Je n’ai jamais été pendue après la jupe de ma mère. Non. J’étais trop occupée à suivre la cadence, bien accrochée aux rebords de pantalon de mon papa. Avec lui, ça bougeait tout le temps! Quand il sortait de son camion, on voyait immanquablement sortir à sa suite un p’tit bout de femme bien fier et pimpant, tout à l’image de son idole!

J’ai eu le bonheur d’avoir une maman à la maison. Je n’ai pas connu la garderie et je peux compter sur les doigts d’une main les fois où mes parents m’ont fait garder pour une sortie en amoureux. Les sorties en amoureux, on les faisait à trois! Bien que ma mère fut aimante, cajoleuse, rassurante, pleine de câlins et de bisous, c’est auprès de mon père que je préférais être. Il y a eu, dès le départ, une forte connexion entre nous, un lien très intense.

Mon papa m’a tout appris de la vie. Tout ce que je sais, tout ce que je suis, je le lui dois en grande partie. Il ne me faisait jamais la leçon, il prêchait par l’exemple. Mon papa, cet être souriant, drôle, optimiste, intelligent, sensible, mais qui savait aussi être ferme.

Parce que oui, il me grondait. Il faut dire que « j’en avais d’dans »! Il me chicanait fort. Quinze minutes après, il venait me voir, me demandait si j’avais compris la raison de son mécontentement et je lui expliquais pourquoi j’avais compris. Ensuite, il me prenait dans ses bras, me donnait un bisou et me disait : « Maintenant, c’est fini, on passe à autre chose, fais-moi un beau sourire! » C’est comme ça que j’ai appris à pardonner.

Mon papa était un être généreux. Il a aidé, de multiples façons, des familles, des amis, mais aussi des inconnus. Il accueillait beaucoup de monde à notre table lors des repas. C’était la joie! C’est ainsi que j’ai appris le partage.

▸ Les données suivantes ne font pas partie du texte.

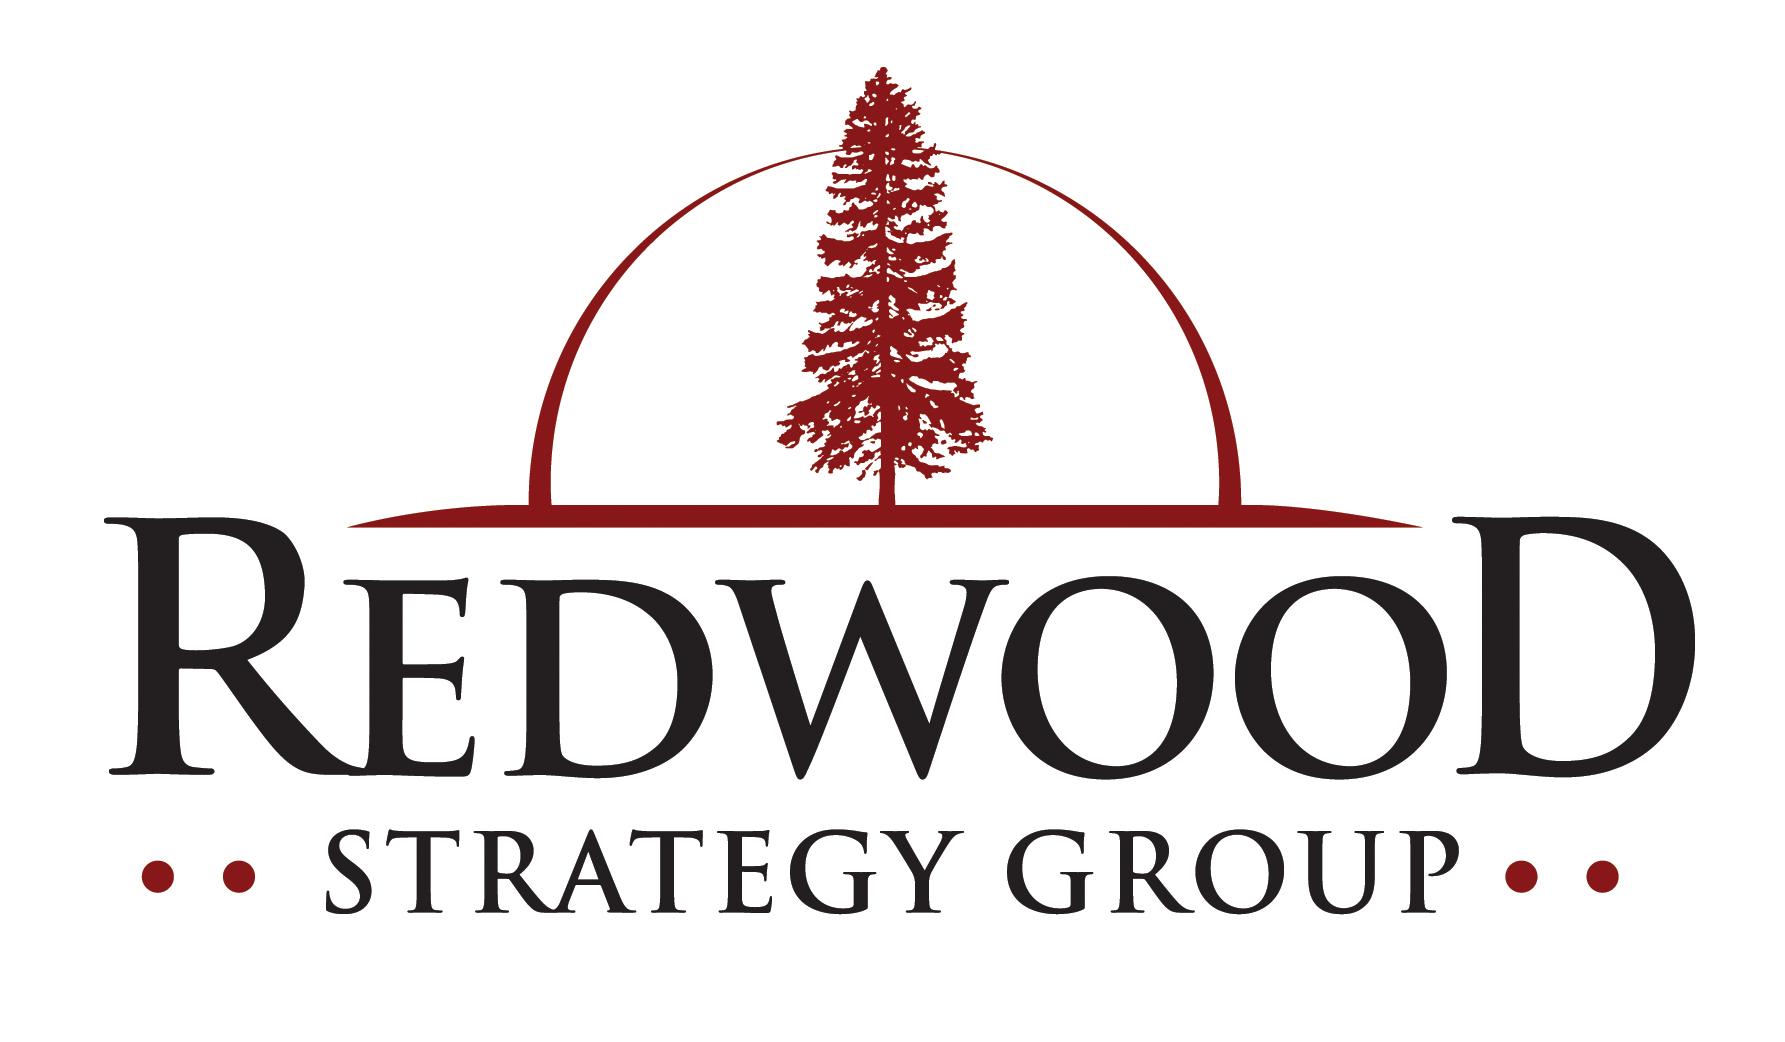 Redwood Strategy Group, Inc. logo

Mon papa a hébergé des personnes qui se sont retrouvées à la rue. Il a écouté des tas d’humains qui avaient de la peine, qui passaient par un mauvais moment. Il a reçu chez lui mon ami adolescent dont les parents n’acceptaient pas son homosexualité, il l’a reccueilli le temps que ça se tasse. C’est comme ça que j’ai appris l’empathie, que j'ai appris à tendre la main aux autres.

 Mon papa et moi
Crédit : Kim Lacaille

Mon papa était plus âgé que les autres papas quand je suis arrivée dans sa vie : il avait 53 ans. Moi, j’avais 7 mois. Ma maman « adoptive » et lui m’ont prise « en élève » (on disait ça comme ça, à l’époque) puisque je n’ai jamais été adoptée légalement. Ma maman biologique est toujours restée dans ma vie et je l’aime infiniment. C’est comme ça que mon papa m’a appris le don de soi.

 

Quand j’ai eu ma première vraie peine d’amour, à 16 ans, j’ai pleuré pendant trois jours, sans manger ou presque. Mon père a essayé de me consoler, de me changer les idées, rien n’y a fait. Le troisième jour, ne sachant plus quoi faire, il est venu s’asseoir sur le coin de mon lit et il s’est mis à pleurer avec moi. C’est comme ça que j’ai appris l’amour.

Mon papa a quitté ce monde il y a deux ans et demi. Quand il est parti, je me suis demandé ce que je serais, à présent, sans lui. La réponse est simple et claire aujourd’hui : je suis la fille à papa. Pour toujours. À jamais.